University of Ibadan (Akinyemi, Adebayo, Bassey, Nwaiwu, Owoaje); Johns Hopkins Bloomberg School of Public Health (Kalbarczyk, Alonge); World Health Organization (Nomhwange)

Date
Summary

"[T]here are potential opportunities to optimize the polio legacy to achieve successful implementation of maternal and child health interventions and improve the health system of the country..."

Since the implementation of the Global Polio Eradication Initiative (GPEI) in Nigeria, there has been over a threefold increase in the national infant immunisation rates. Polio strategies have had a variety of other beneficial effects, ranging from improving communication channels between healthcare providers and members of the community, to setting up sensitisation platforms that provide information on other vaccine-preventable diseases, mapping communities and settlements in hard-to-reach areas, and engaging communities in micro-planning of health interventions, among others. However, the effect of the GPEI on the functioning of other health programmes within the health system has been in some cases contradictory, especially in countries with weakened primary health systems or across individual underfunded programmes. Thus, this study explored the contributions of the Polio Eradication Initiative (PEI) activities to the operations of other health programmes within the Nigerian health system from the perspectives of frontline workers and managers. The research was part of a more extensive study, the Synthesis and Translation of Research and Innovations from Polio Eradication (STRIPE), conducted in 2018 (for example of one of the outputs, see Related Summaries, below).

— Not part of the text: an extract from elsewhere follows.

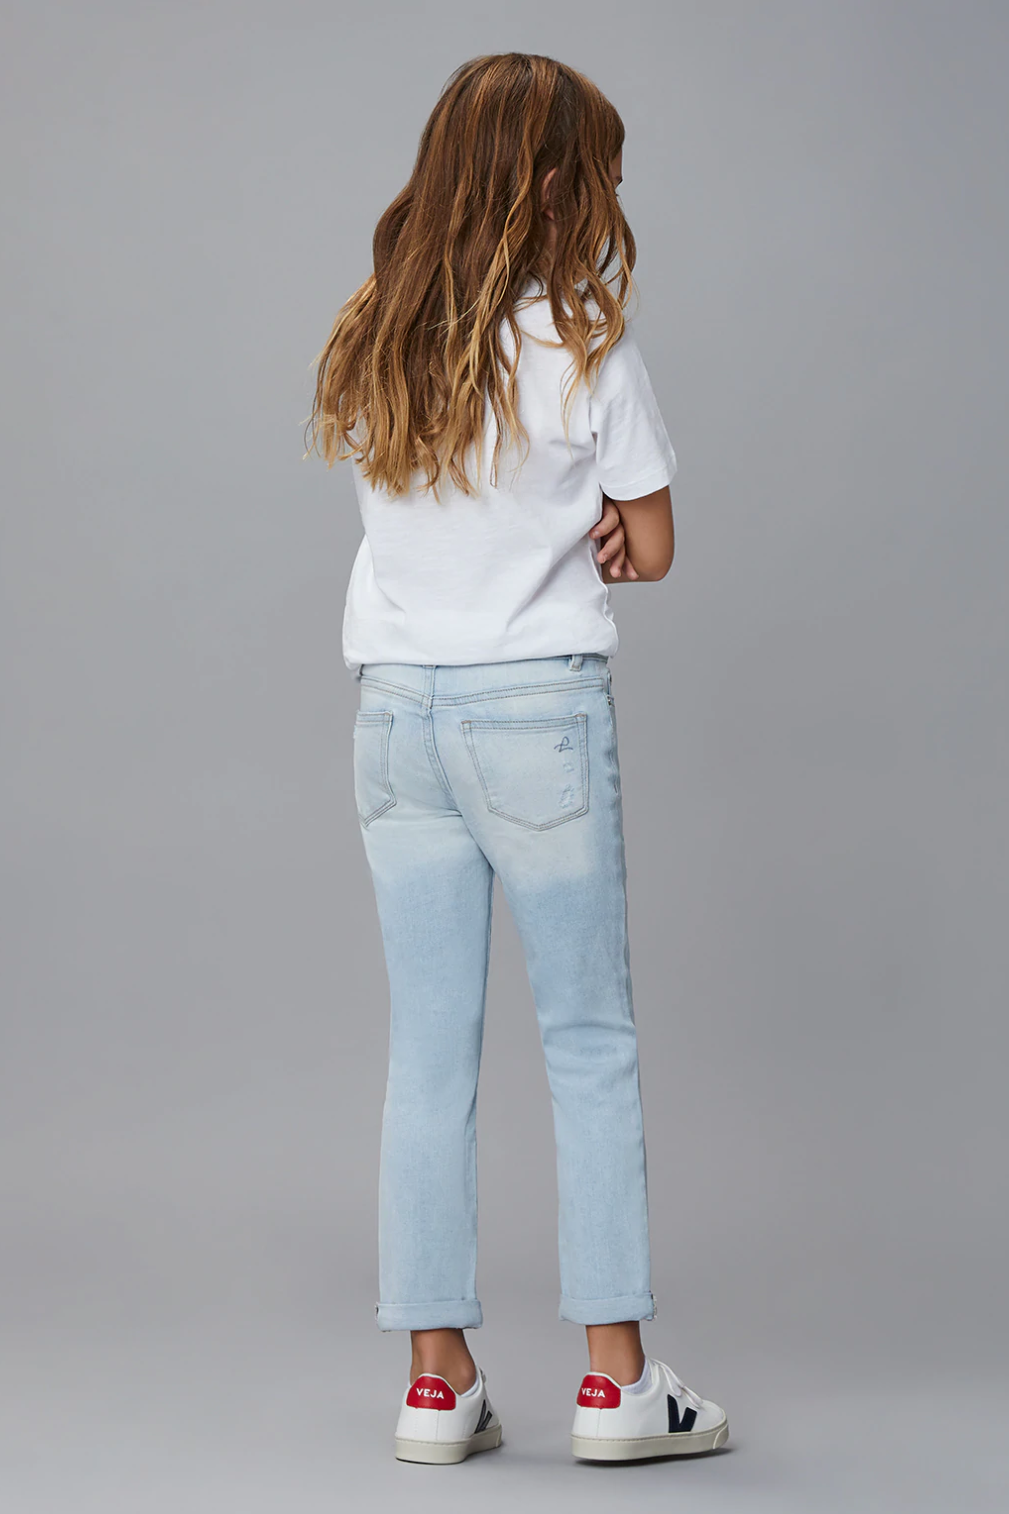 The Harper Boyfriend Straight Jeans in Ross Distressed by DL1961
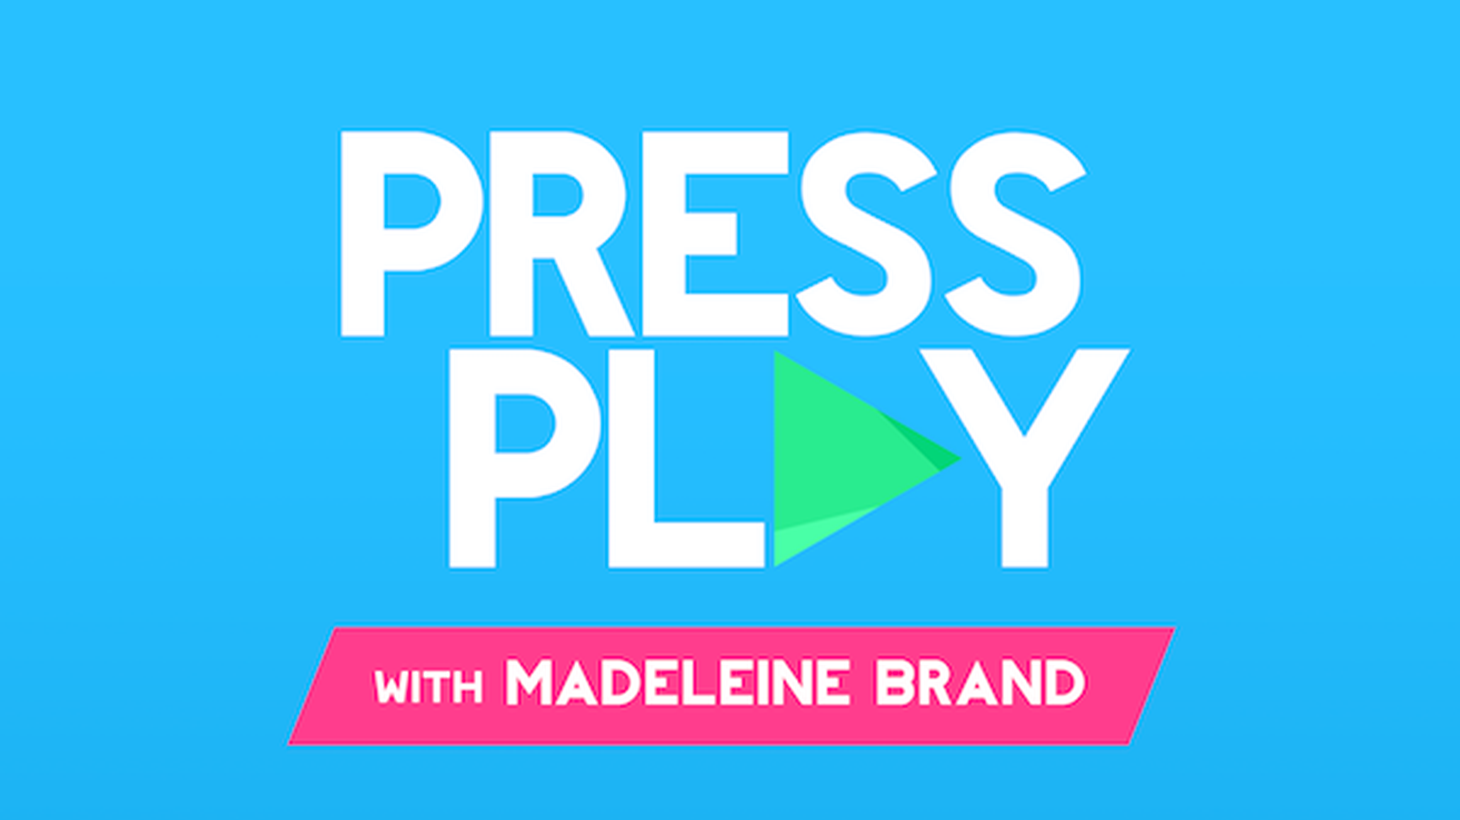 Today on Press Play, we take a look at the first trial over force feeding at Guantanamo Bay. Plus, we discuss the fight over history lessons in a Colorado school district.

The cross-sectional qualitative study covered all tiers of health delivery from the point of view of health workers who have been involved continuously in PEI activities for at least 12 months since the programme's inception, a period spanning about three decades (1988 to 2018). They comprised individuals working with the government of Nigeria, polio emergency operation centres (EOCs), the National Primary Health Care Development Agency (NPHCDA), multilateral agencies such as the United Nations Children's Fund (UNICEF) and the World Health Organization (WHO), and international non-governmental organisations (NGOs) [Rotary International, Bill & Melinda Gates Foundation, United States Centers for Disease Control and Prevention (CDC), Nigeria Stop Polio Program (NSTOP), and a civil society group (CORE Group Polio Project)]. The government officials interviewed were those at the three tiers of healthcare delivery (i.e., the federal, state, and local government levels) who were engaged in polio eradication activities.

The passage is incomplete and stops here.